Self Defense is an affirmative defense, which means that you are admitting you did the crime, but your were legally justified in doing so. In all criminal cases, the State of Florida has the burden of proving that a crime was committed, beyond and to the exclusion of every reasonable doubt. If the affirmative defense of self defense is raised, the State of Florida has the burden of proving that the acts were not committed in self defense, beyond and to the exclusion of every reasonable doubt. To raise the issue of self defense, the defendant must establish evidence that he acted as a result of his reasonable belief that he was in fear of immediate danger to himself or another person. Self defense includes the defense of others.
First, it must be made clear that the legal standards are not “innocent” and “guilty”. The legal standards are “guilty” and “not guilty.” If the State cannot meet the burden of proof in their case against a defendant, the jury has a duty to find the defendant not guilty. “Not guilty” and “innocent” are not the same thing.

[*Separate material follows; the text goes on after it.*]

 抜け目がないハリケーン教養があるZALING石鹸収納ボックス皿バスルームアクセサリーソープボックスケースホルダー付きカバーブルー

So, the first question is, should self defense be a legal affirmative defense? The Answer in my opinion is yes. If I give up my right to defend myself, I am no longer a free man. the second question is, should we continue to have juries decide the facts of the case, or should that be up to a judge or someone else? I mean, that is the real heart of this discussion in the Trayvon Martin case, after all. Many people are very disappointed in the decision that was made by the jury.

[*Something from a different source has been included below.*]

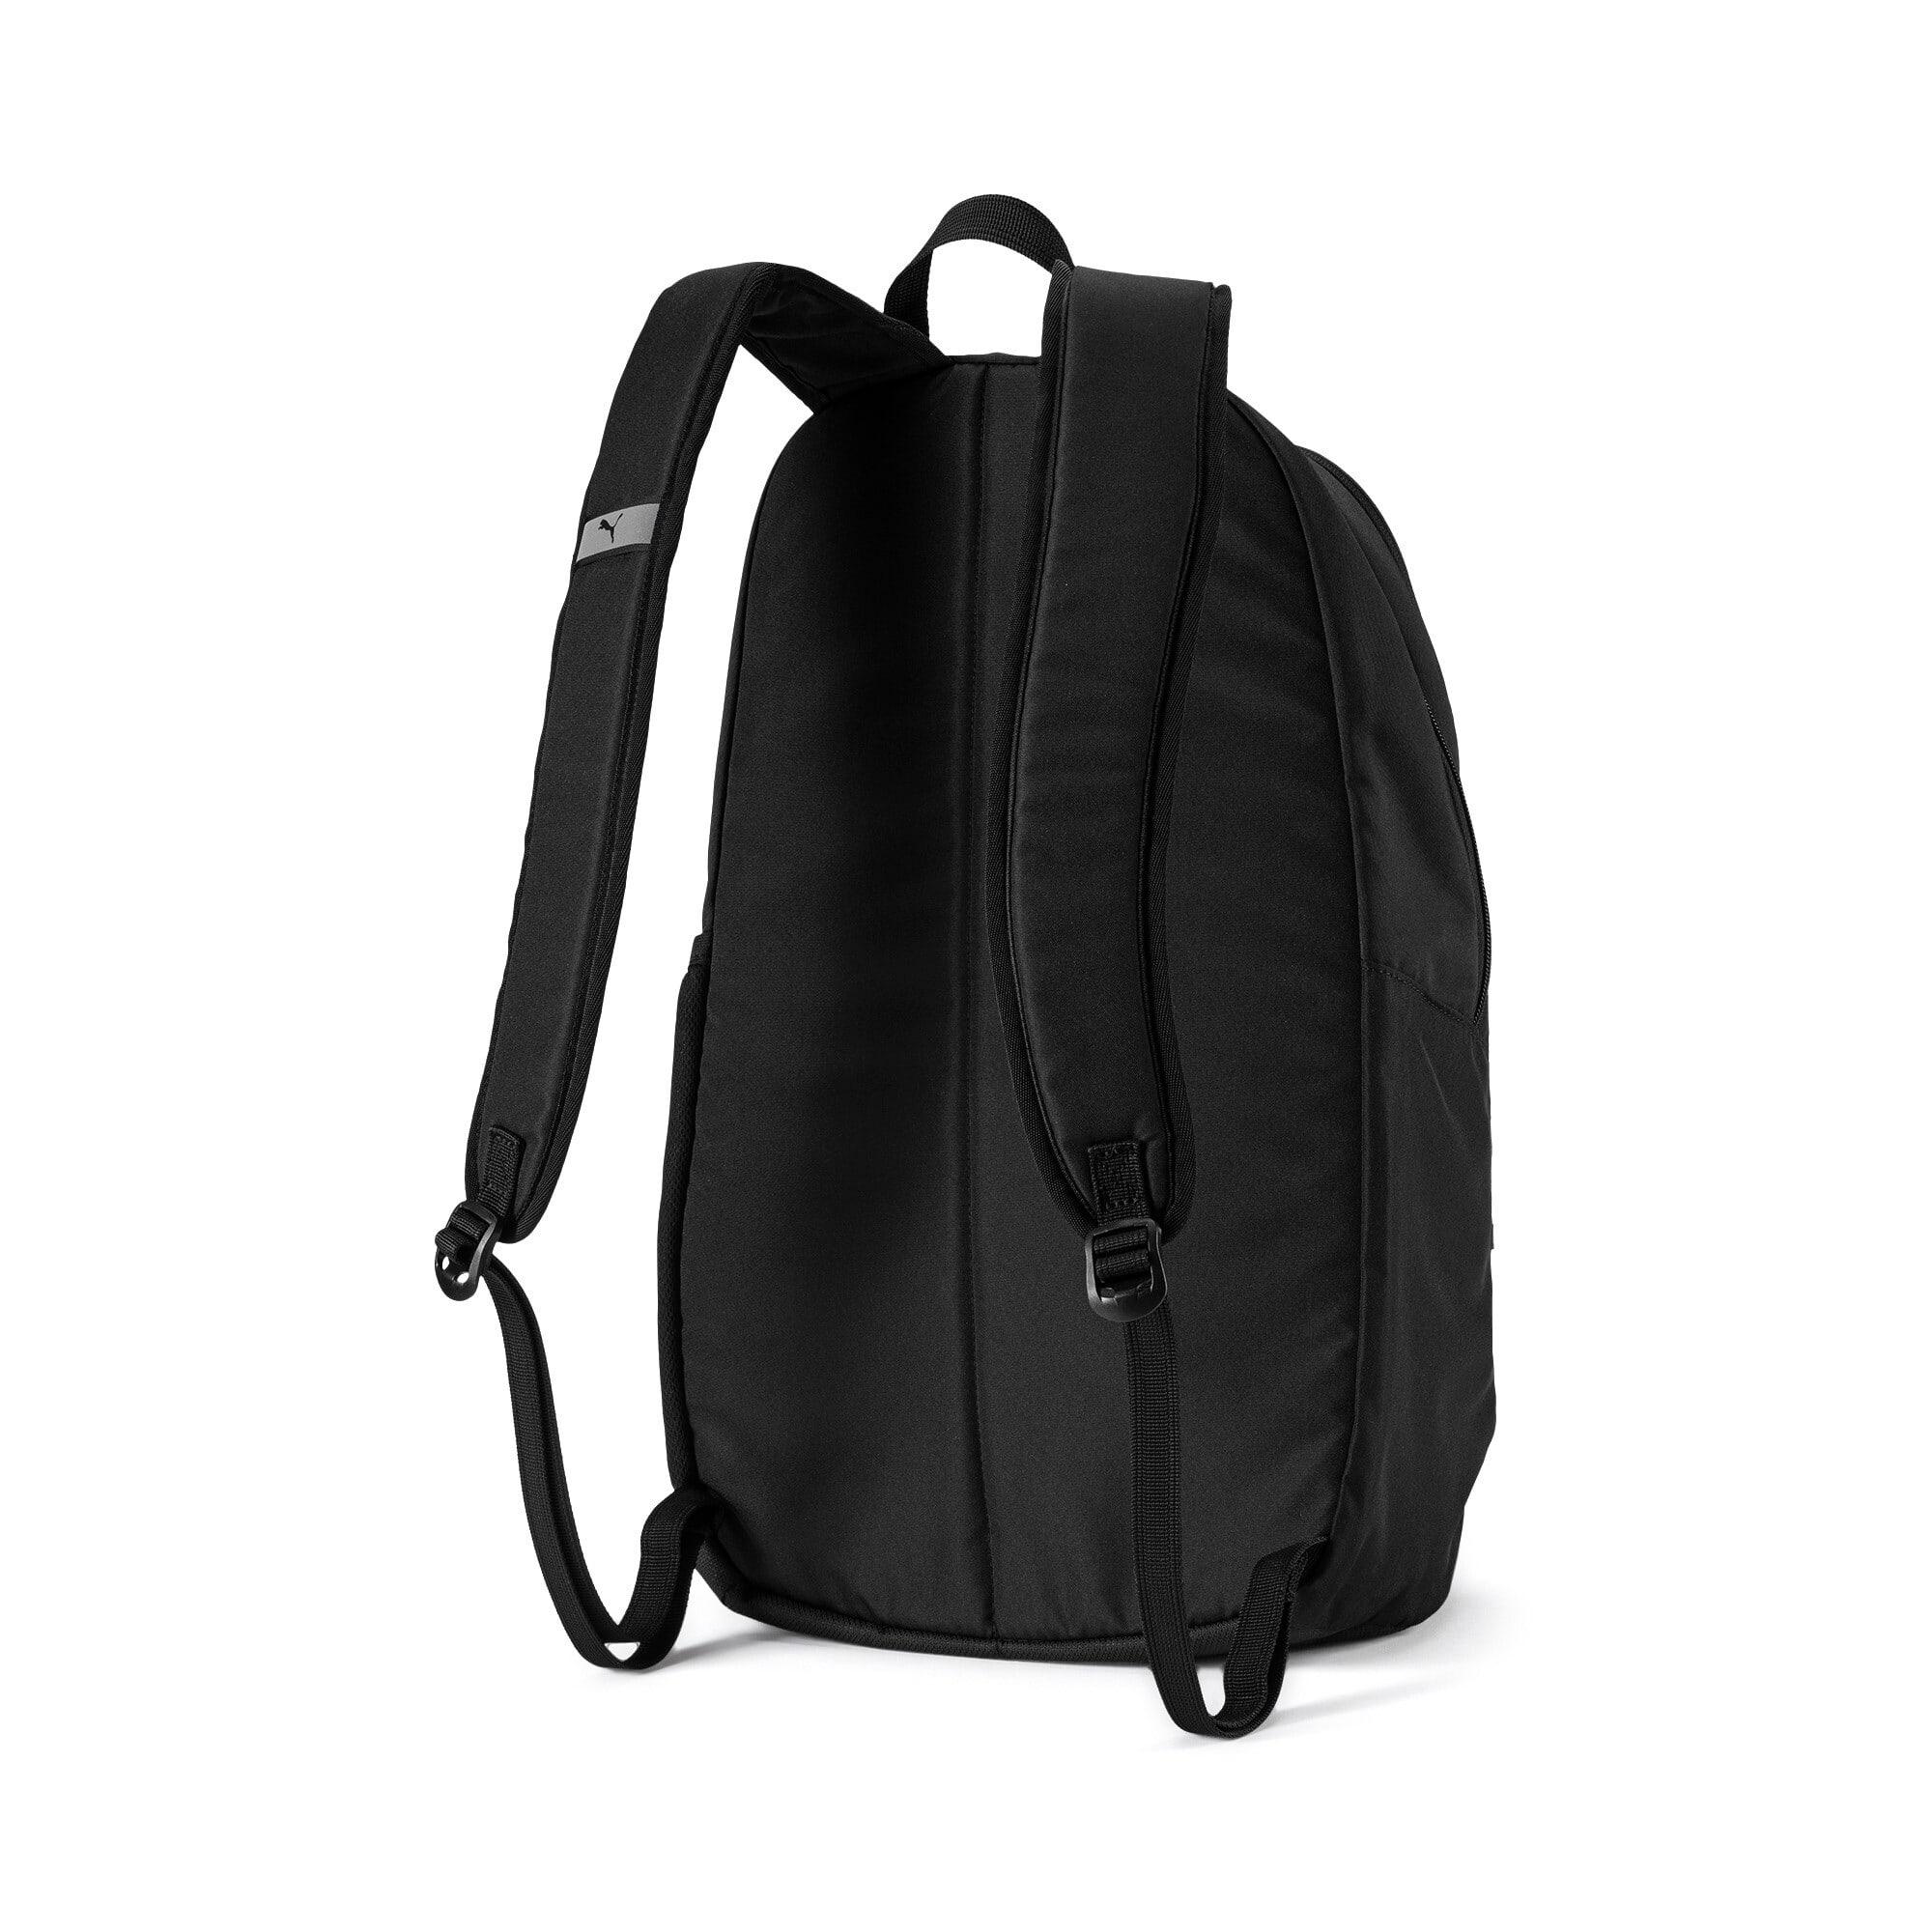 Thumbnail 2 of Scuderia Ferrari Fanwear Backpack, Puma Black, medium

In my opinion, there is no better decider of the facts than a jury. State Attorneys, judges and defense attorneys tend to get jaded after years of practice in the world of criminal law. My observation is that defendants are guilty until proven innocent, both in the court of public opinion, and the court of law, at least until that defendant demands a jury trial. Once that trial begins, the Constitution kicks in and it is an incredible process to watch unfold. I have never seen a jury that didn’t take their job very, very seriously. They are given a scenario in backwards order. They are told the facts of the case throughout the trial, and they are told to listen for the facts that prove each element of the crimes charged. But, they are not told what those elements are until the very end. While that seems unusual, it makes sense. The idea is for the jury to get the big picture, and then to try to fit that picture into a particular frame. If that frame doesn’t fit, then it is the jury’s job to let everyone know. It is not the jury’s job to jam the picture into the frame if it doesn’t fit, and it is not the jury’s job to find a new frame.
In the Trayvon Martin case, no matter how you slice it, the picture did not fit the frame. There were too many holes, allowing light and contamanets to creep through. Our founding fathers made the decision that it was better to exonerate a guilty man that to punish an innocent one. That is the whole point behind our criminal justice system, and the high burden of proof that must be met. While that may not give comfort to the family of any victim, that is not neccesarily the job of the justice system either. Like many cases, no one really knows what happened in the incident involving George Zimmerman and Trayvon Martin, except George Zimmerman and Trayvon Martin. But one thing is clear, the State did not come close to presenting any evidence that proved Zimmerman’s story was untrue, beyond a reasonable doubt. the jury had no choice but to find Zimmerman, Not Guilty.